Four years ago, the class of 2005 arrived on campus like any other group of freshmen – eager and a little nervous.
Then, just a few days into their college careers, came the terrible jolt of the Sept. 11 terrorist attacks. Some were shuffling in and out of morning classes when the news hit, followed by the realization they would have to confront a suddenly scarier world away from home, in the company of unfamiliar faces.
Many of those students are graduating this month. For this group, the attacks were a defining experience of their college years, the moment when the identity of the class of ‘05 was forged.
“We were all shocked together, and we were all confused together, and we were all mourning together,” said Elizabeth Tomber, who graduated last week from the University of Dayton in Ohio.
For some, like Tomber, the attacks nudged their academic trajectories. Her interest shifted from Judaism to Islam, and her planned major from religious studies to international studies. She also took Arabic, studied in Morocco and will be in Egypt next year.
Others were prompted to reconsider what they wanted from college. Margaret Cahoon transferred from Barnard College in New York City to Amherst, in a small Massachusetts town where she thought she would feel more comfortable.
“The city is already kind of an alienating place to start,” said Cahoon, who graduates May 22. “The way the city dealt with it was amazing, but at the same time I felt cut off from the people I know and love.”
For still others, such as Clinton Rusch, the attacks proved to be a turning point not just in their academic careers but in their lives.

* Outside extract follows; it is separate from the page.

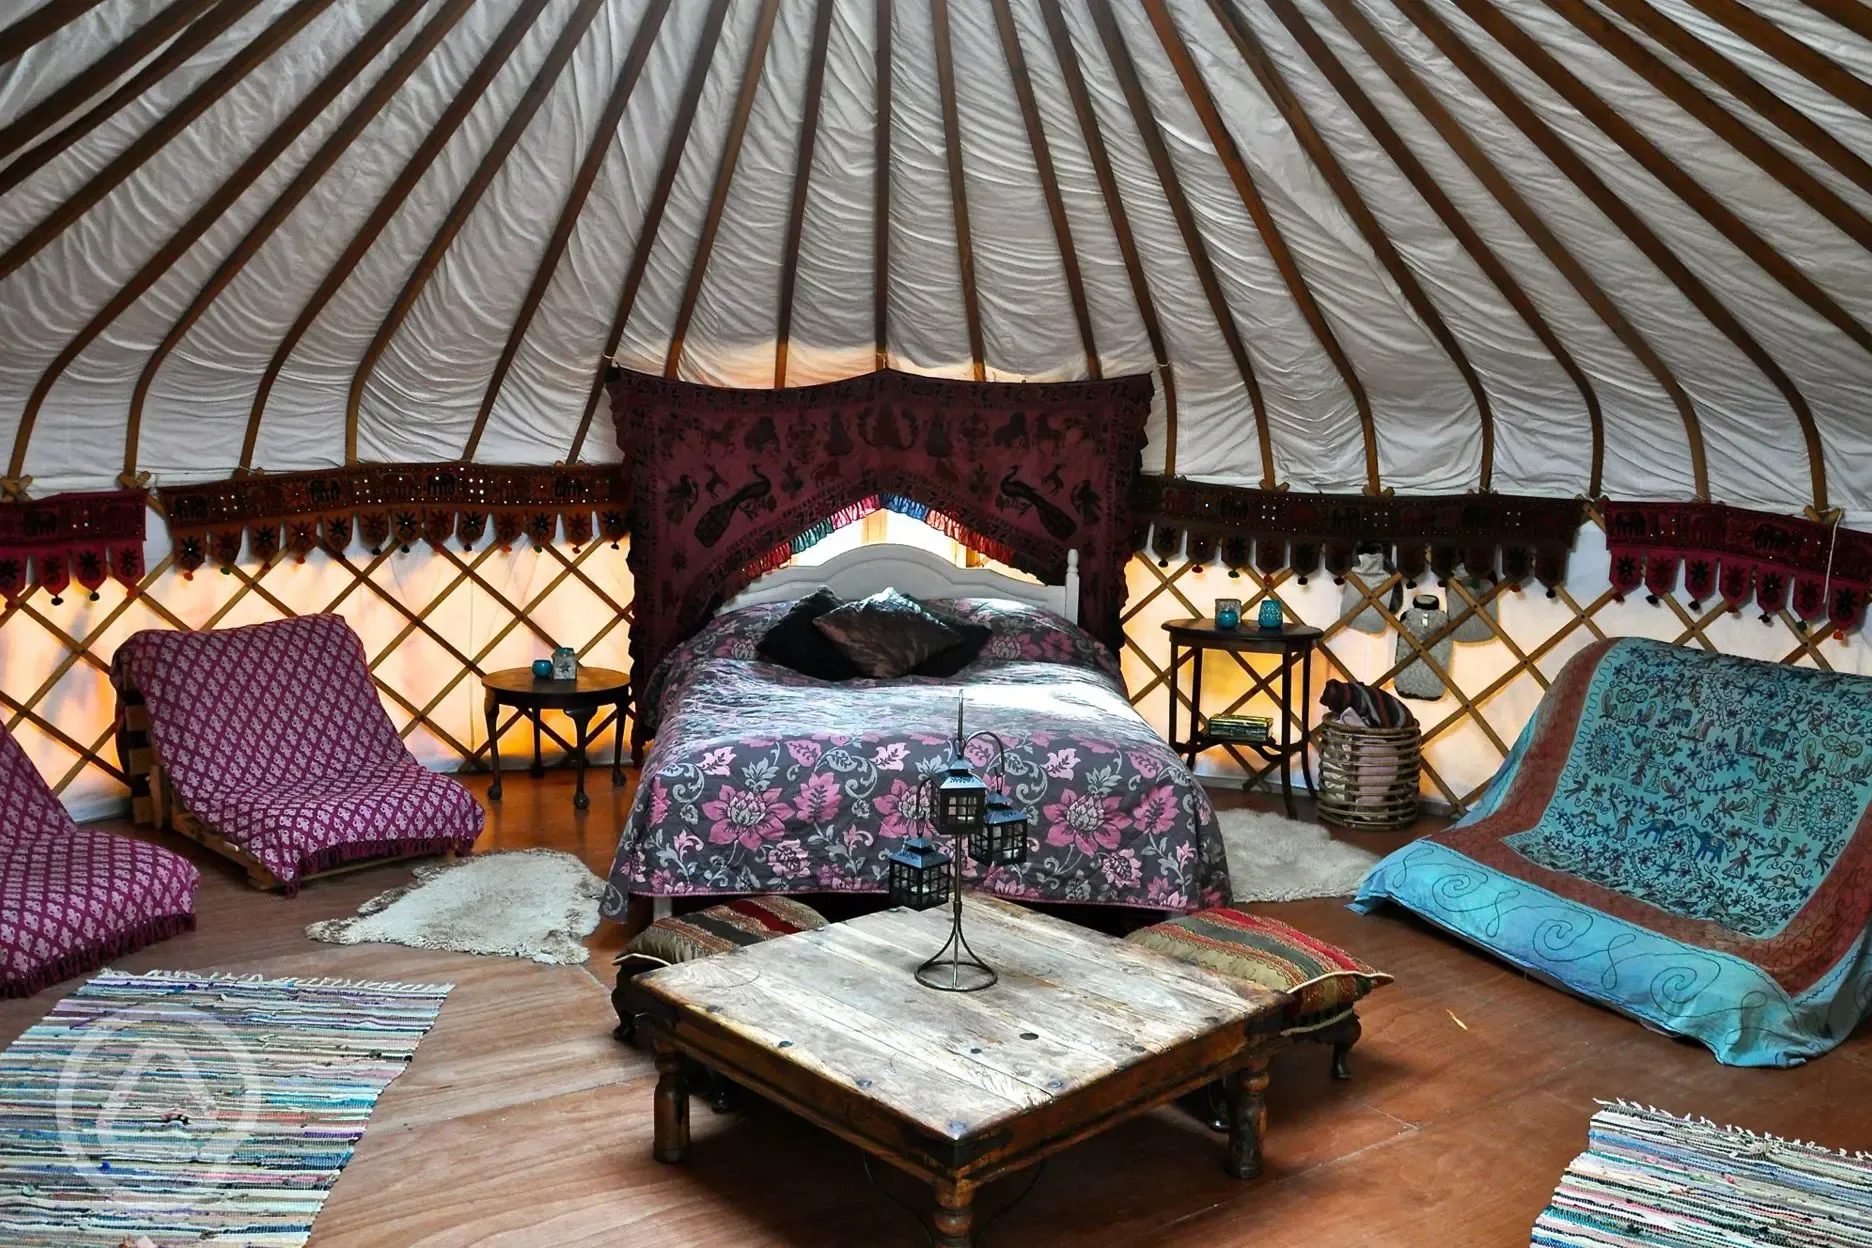 Woodland yurt interior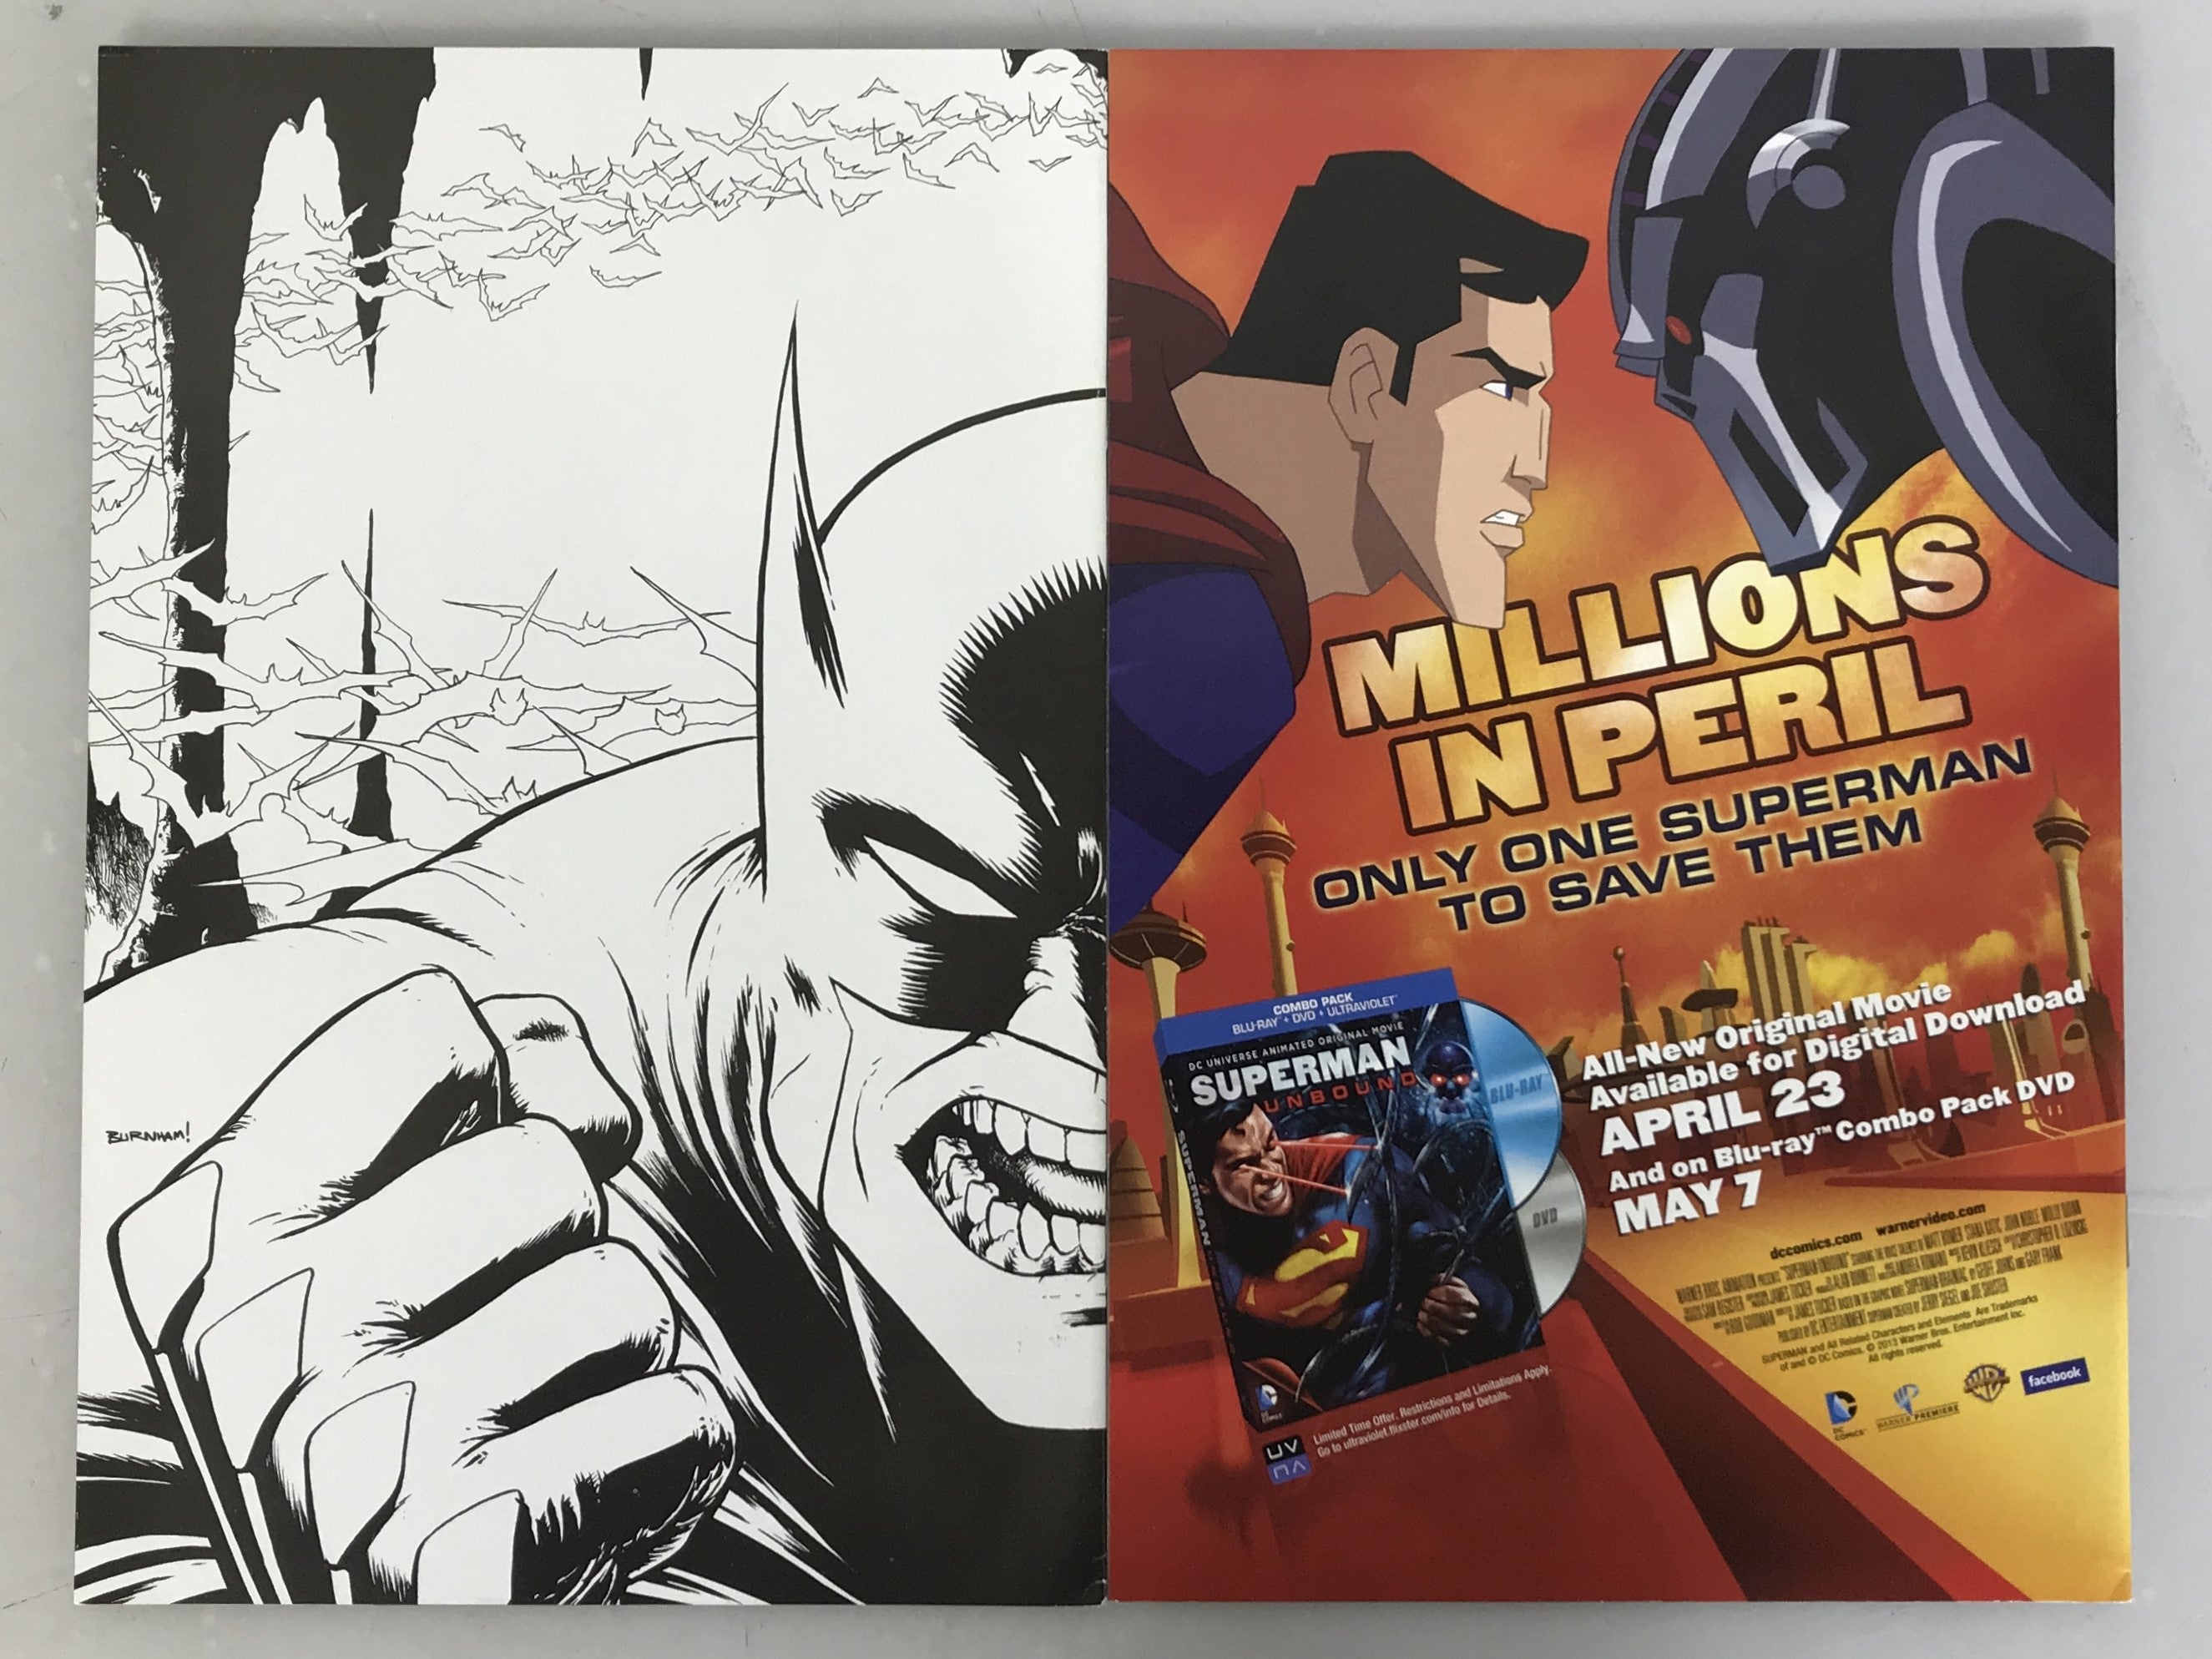 Batman Incorporated 10-11 2013

“My first two years of college, looking back I think the biggest thing I was lacking was some kind of direction, some kind of structure,” Rusch said. He had dropped out of the University of Wisconsin and was working in a hotel at the time of the attacks.
But watching the World Trade Center rescue workers inspired him to join the National Guard.
“I realized I wasn’t doing what I should be doing,” Rusch said. “My parents’ generation had their opportunity to contribute and my grandparents’ generation definitely had their opportunity to contribute. Here was mine.”
Later, he returned to Wisconsin in the ROTC program. After finishing up some coursework this summer, he will graduate and receive his commission in August.
“It was a horrible tragedy, but I’m lucky I had something to redirect my life like that,” he said. “Had Sept. 11 not happened, I probably would have gone back to college, but I wouldn’t have been as motivated and as disciplined as I am.”
For most students, the effects were less clear-cut, but still real. Academically, many students signed up for courses in areas such as Middle Eastern studies and history. Enrollment in Arabic nearly doubled in 2002.
Students say the attacks ushered in a period, at least, of serious debates about politics and religion on campus.
“For an international studies major, it made what I was studying real,” said Tomber. “You can’t ignore that international politics and foreign policy matter when something like that happens.”
But some say the seriousness after Sept. 11 petered out.
“It sort of astonishes me that it sort of fell off the radar screen, psychically, except for the students – we have a lot – from New York, New Jersey,” said Rev. Mark Radecke, chaplain at Susquehanna University in Pennsylvania. “I wish I could tell you it was different.”
At Connecticut College in New London, 200 students signed up for a “religion and terrorism” class in the spring of 2002. But after that, Professor Eugene Gallagher said, life, and the students’ academic interests, more or less returned to normal.
“It’s part of the baggage they carry forward with them, but for the vast majority it’s not that central,” said Gallagher, a 27-year teaching veteran at the school.
Still, college is about more than the classes. And some students say the attacks, though traumatic, brought them closer to their classmates for the four years that followed.
“That event did make us open up to each other in a way would have eventually, but it happened much more quickly,” said Paige Wallace, who said the attacks initially caused her to question her decision to come to Amherst, a school far from her home of Healdton, Okla.
“Any time you go through that amount of pain, experiencing it as a group ties you together,” she said.
That was especially true for the students who were physically close to the disaster.
“It wasn’t so much the events of Sept. 11 that shaped our class as how we responded,” said Keith McGilvery, a senior at Fordham University in New York who recalled watching the twin towers burn from his freshman-year residence hall. “We were new freshmen, but within minutes students were on the phone, trying to console friends, help them find parents.”
McGilvery, who later became student body president, said the attacks were one reason he spent five months traveling abroad, hoping to better understand the United States’ role in the world and prepare for a career in journalism.
“Even though (Sept. 11) was incredibly upsetting and unfortunate,” he said, “it really almost served as a catalyst to put my class into action and hash out what we wanted to do with our lives.”